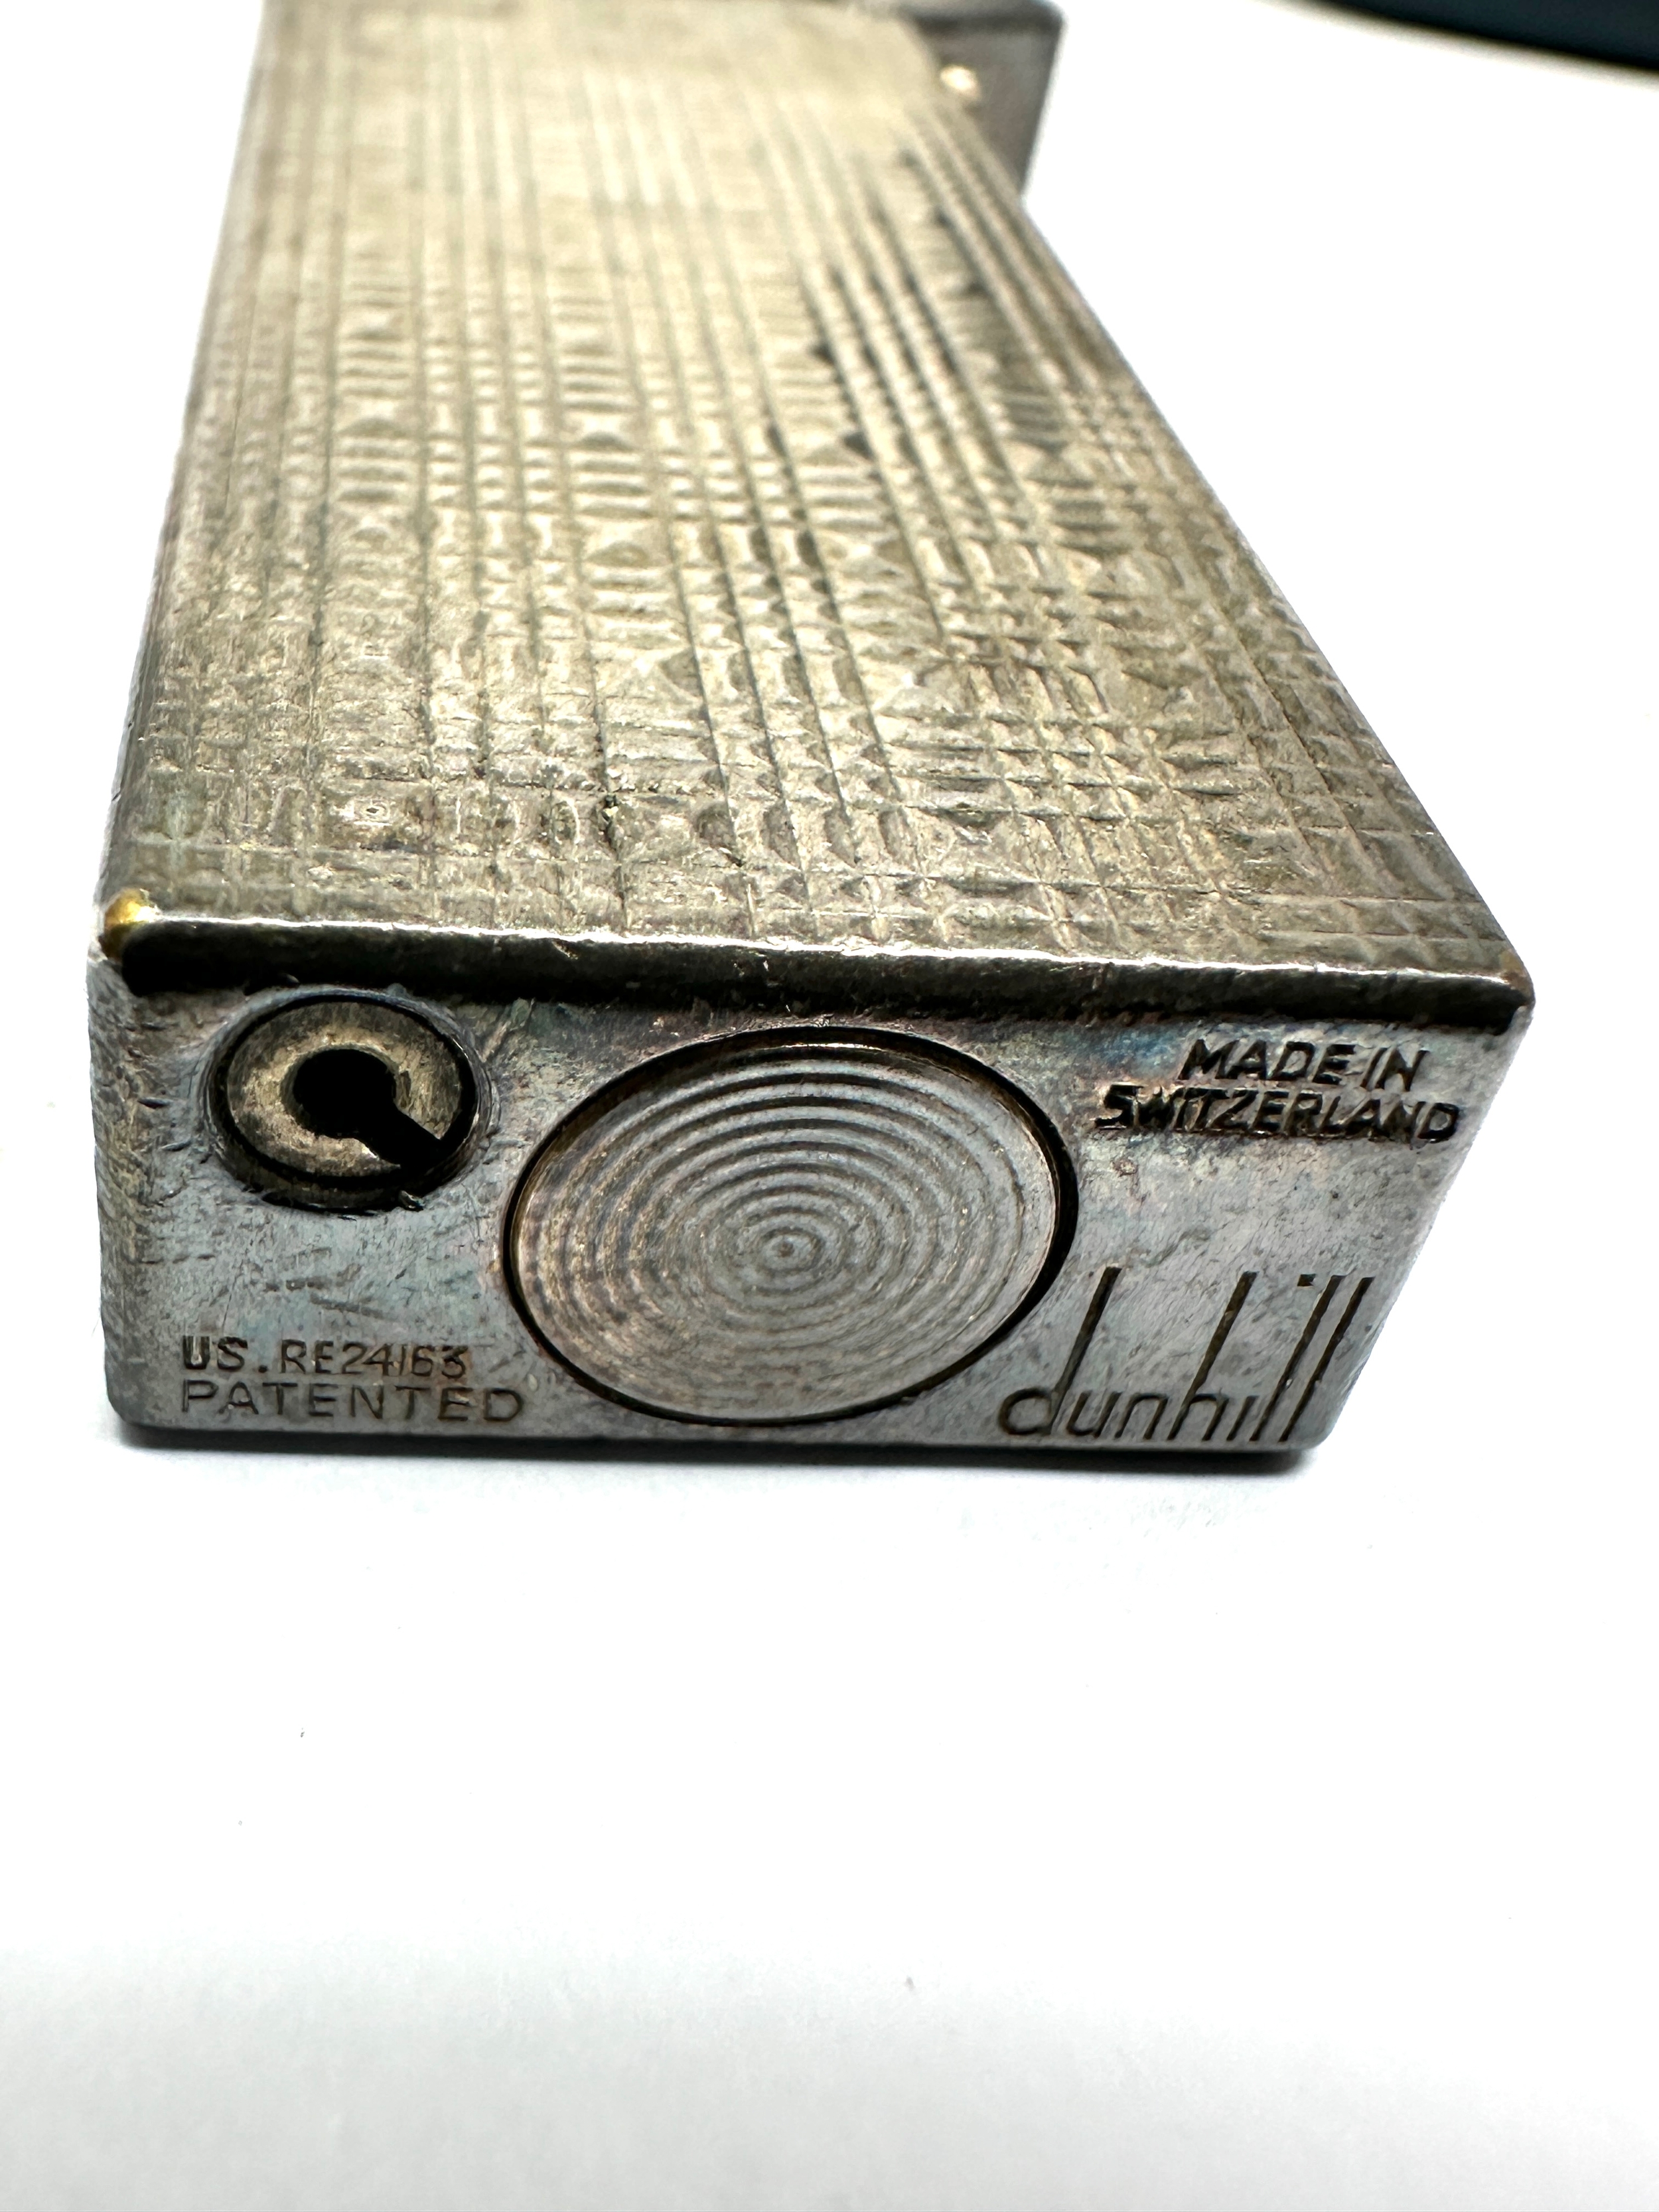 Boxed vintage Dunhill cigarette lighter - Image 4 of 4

══════════

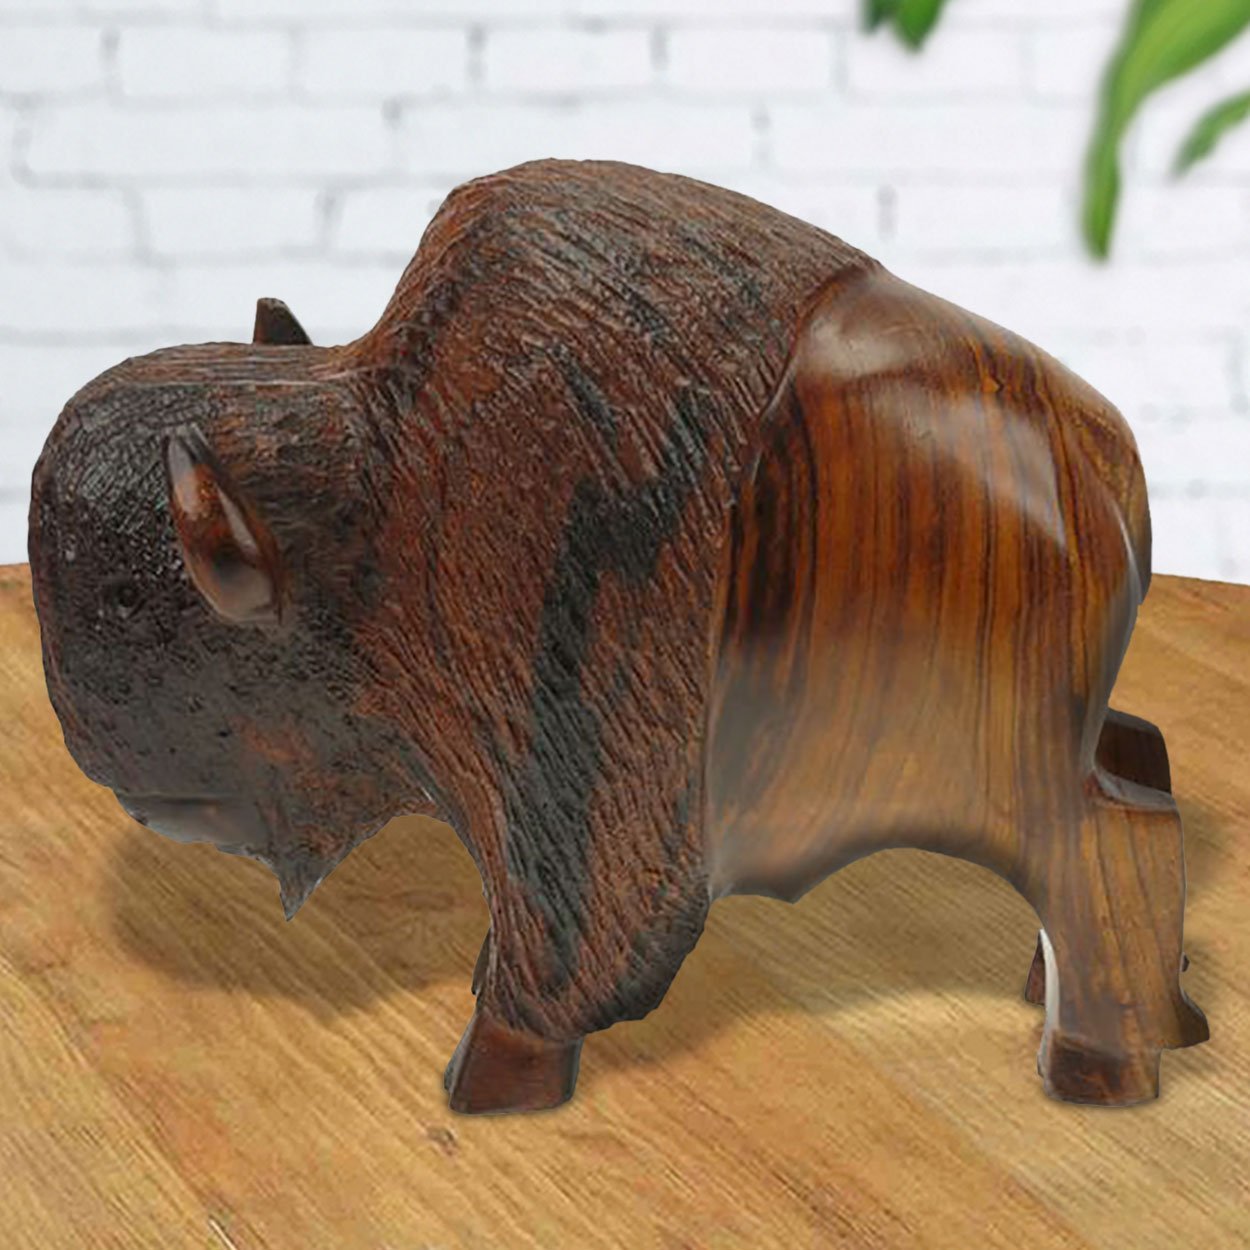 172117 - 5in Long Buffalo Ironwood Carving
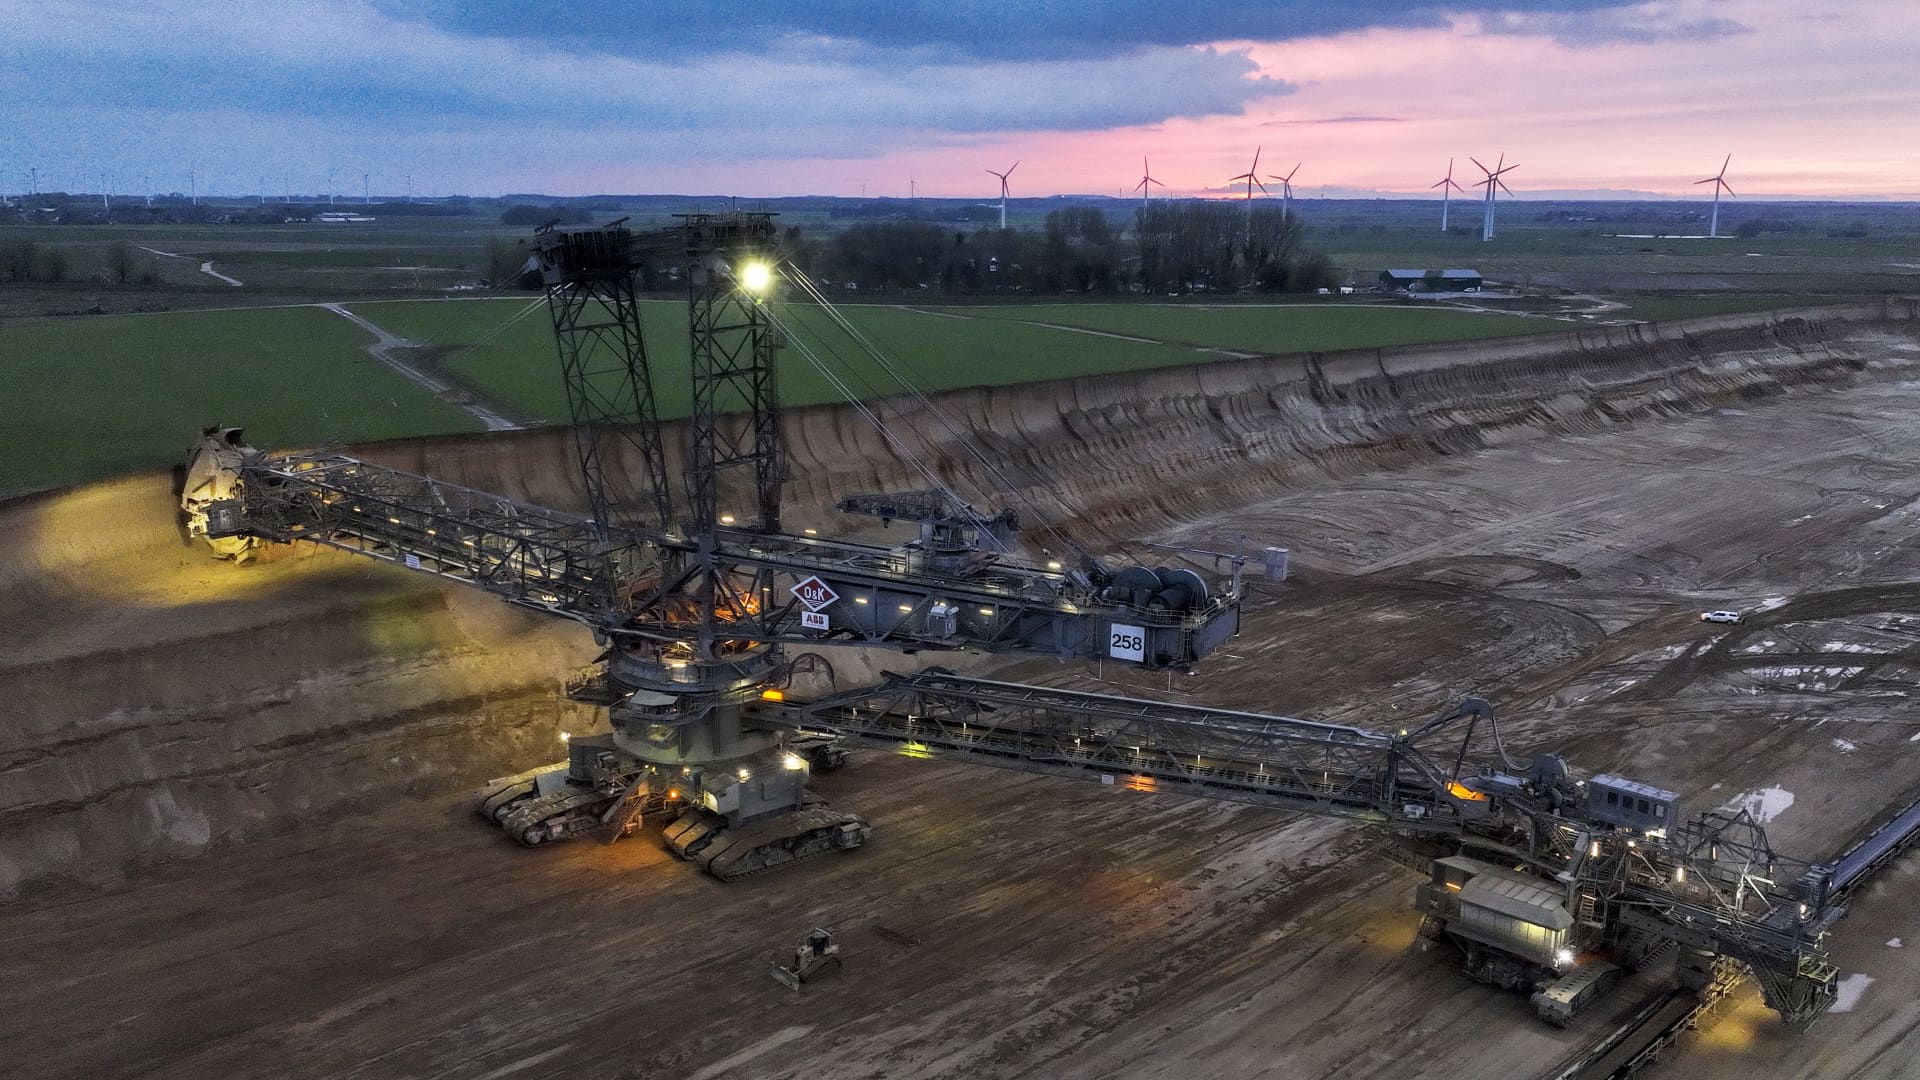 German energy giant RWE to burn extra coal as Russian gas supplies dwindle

══════════

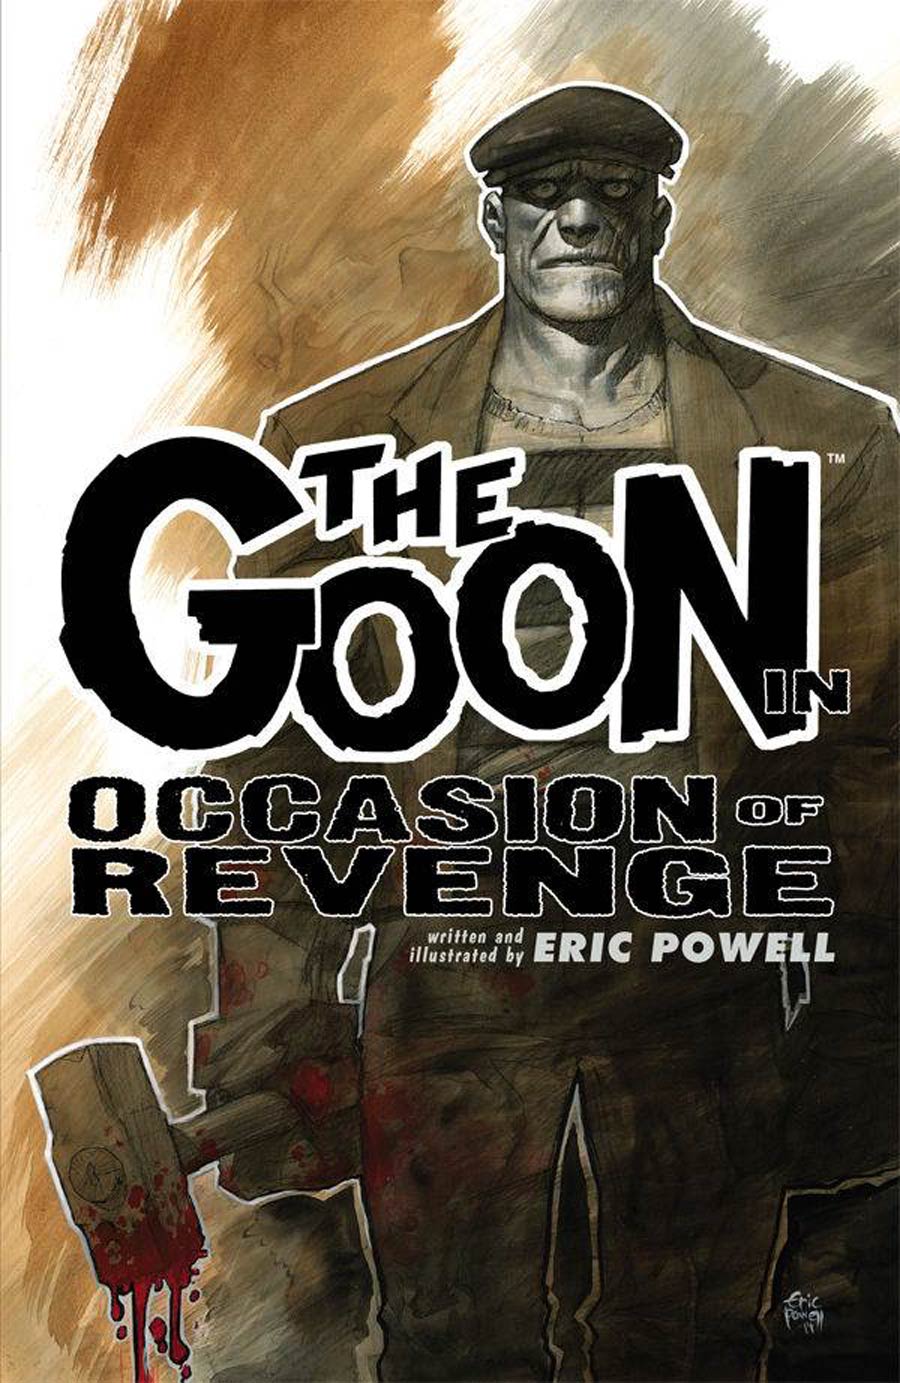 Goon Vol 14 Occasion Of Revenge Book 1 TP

══════════

Task goal ::
What you need to produce is an exact copy of the entries above, limited to the lines from the one with "172117 - 5in Long Buffalo Ironwood Carving" up to and including the one with "German energy giant", without pictures.

Exercise output ::
 172117 - 5in Long Buffalo Ironwood Carving
 German energy giant RWE to burn extra coal as Russian gas supplies dwindle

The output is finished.